Erfolgsrechnung? Jeder Existenzgründer möchte Erfolg haben und sucht nach Möglichkeiten den Erfolg zu berechnen. Regelmäßig sollten sich Existenzgründer daher mit finanzwirtschaftlichen Begriffen auseinandersetzen, obschon deren Definition nicht nur fachkundigen Stellen schwer fällt. Denn das Thema Erfolgsrechnung ist mehrdeutig und je nach Rechenzweck existieren unterschiedliche Methoden. Generell ermittelt die Erfolgsrechnung den Erfolg eines Unternehmens innerhalb eines bestimmten Zeitabschnitts. So ermittelt beispielsweise die Gewinn und Verlust Berechnung den Unternehmenserfolg, während die Steuerbilanz die steuerliche Erfolgsrechnung zur Ermittlung der Bemessungsgrundlage beschreibt. Das älteste Verfahren zur Ermittlung des Erfolgs ist und bleibt die Gewinn- und Verlustrechnung (GuV) der Finanzbuchhaltung.

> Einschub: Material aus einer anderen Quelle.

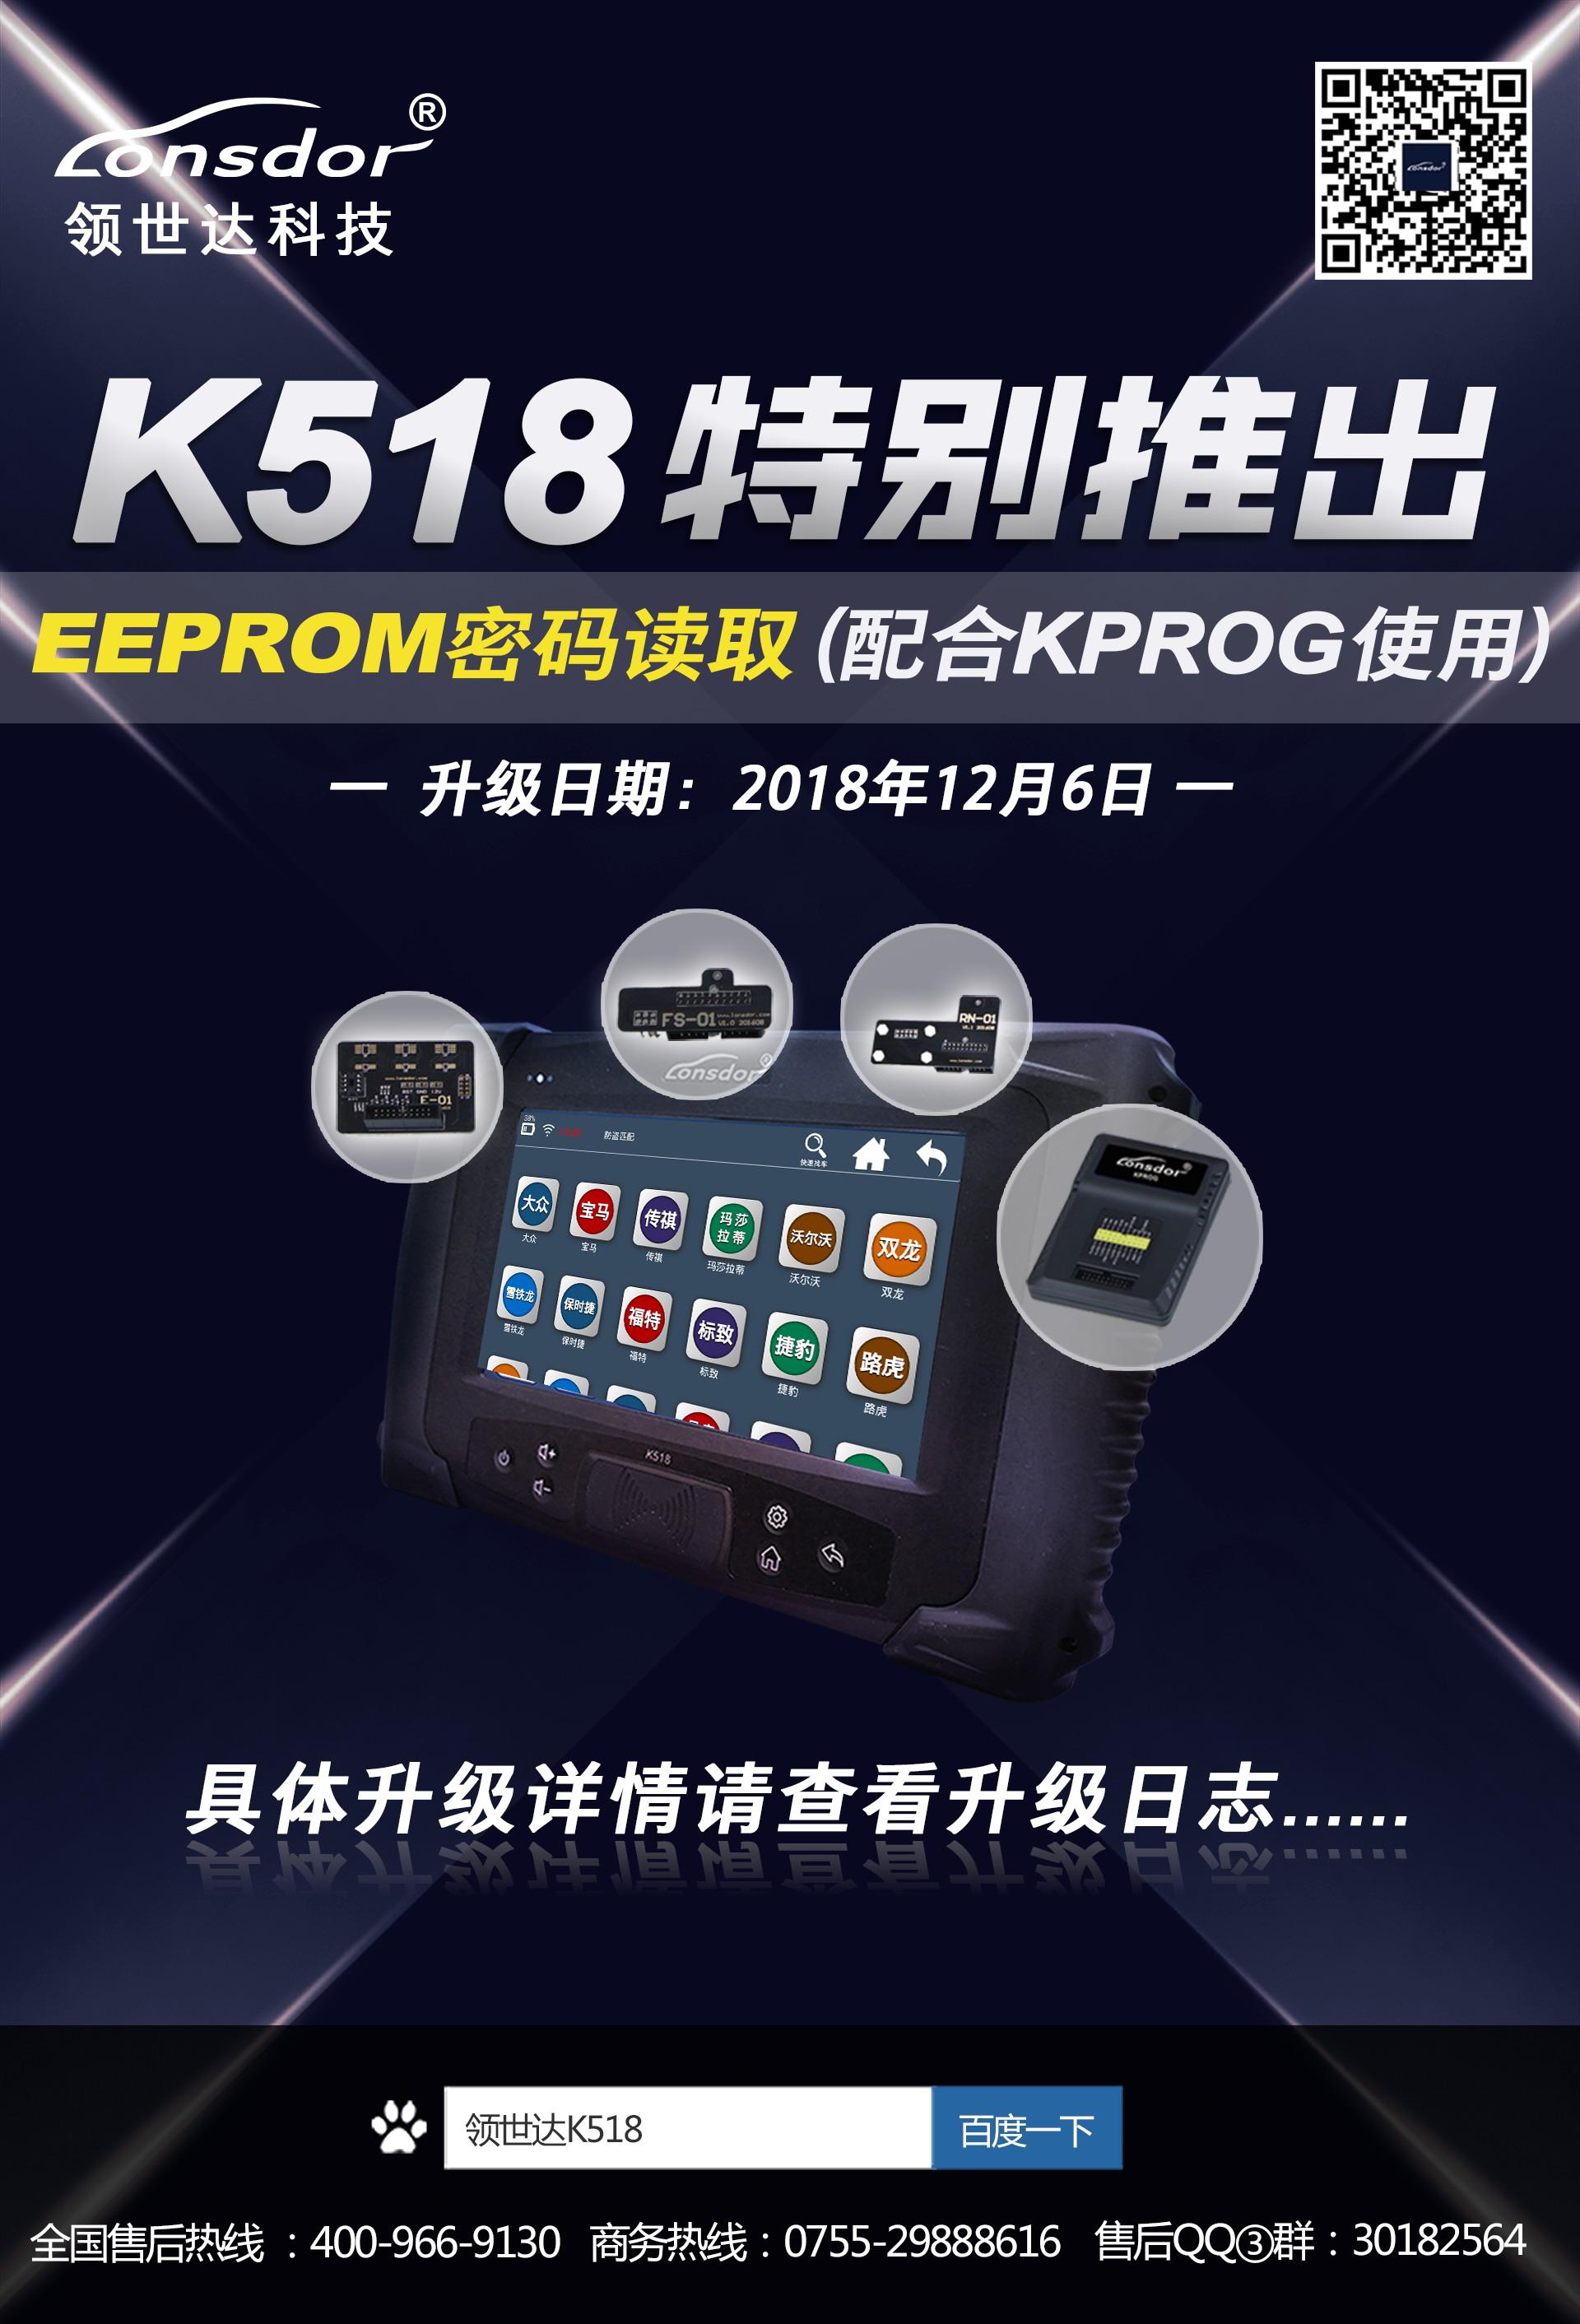 K518+KPROG宣传

Es gibt vier unterschiedliche Arten der Erfolgsrechnung:
- Die handelsbilanzielle Erfolgsrechnung, die den Aufwand dem Ertrag gegen überstellt. Das ist die GuV-Rechnung.

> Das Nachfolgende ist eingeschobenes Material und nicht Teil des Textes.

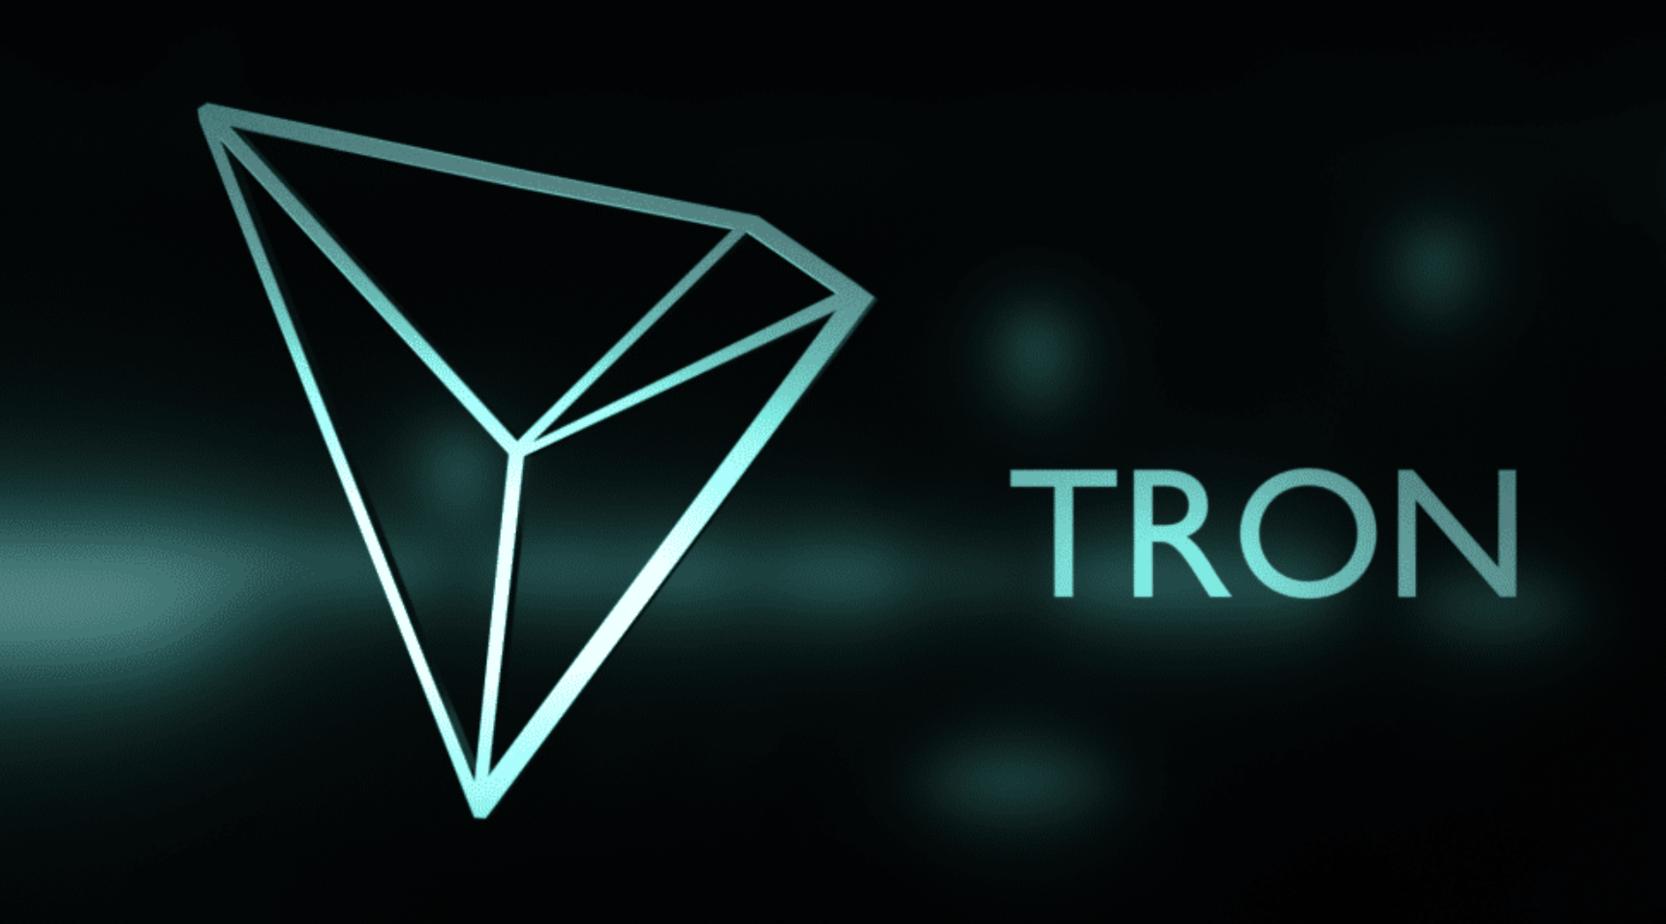 Comprare Tron: come acquistare la criptovaluta TRX

- In der Kosten- und Leistungsrechnung ist es die kalkulatorische Erfolgsrechnung. Sie zeigt das Betriebsergebnis an, welches sich aus dem Saldo zwischen Kosten und Leistungen ergibt.
- Für die Vorlage bei dem Finanzamt, die Steuerbilanz.
- Die Einnahmen-/Ausgabenrechnung.
Meine Empfehlung an Sie als Existenzgründer ist, sich die Gewinn und Verlust-Erfolgsrechnung von fachkundigen Stellen im Detail erklären zu lassen und diese auch für die Steuerung des eigenen Unternehmens gezielt einzusetzen. Die Berechnung des Erolgs sollte zur Besserung der Planungssicherheit für das erste Jahr monatlich erfolgen, für das zweite und dritte Jahr mindestens vierteljährlich, und für das vierte und fünfte Jahr halbjährlich. Sollten Sie keinerlei Erfahrungen in der Finanzthematik haben, empfiehlt es sich, fachkundige Stellen einzuschalten. Beachten Sie dabei, dass die meisten Existenzgründungen an einer mangelhaften Finanz- und Liquiditäts-Planung Scheitern. Am sinnvollsten ist es daher, jemanden mit entsprechenden Kenntnissen auf diesem Gebiet zu suchen.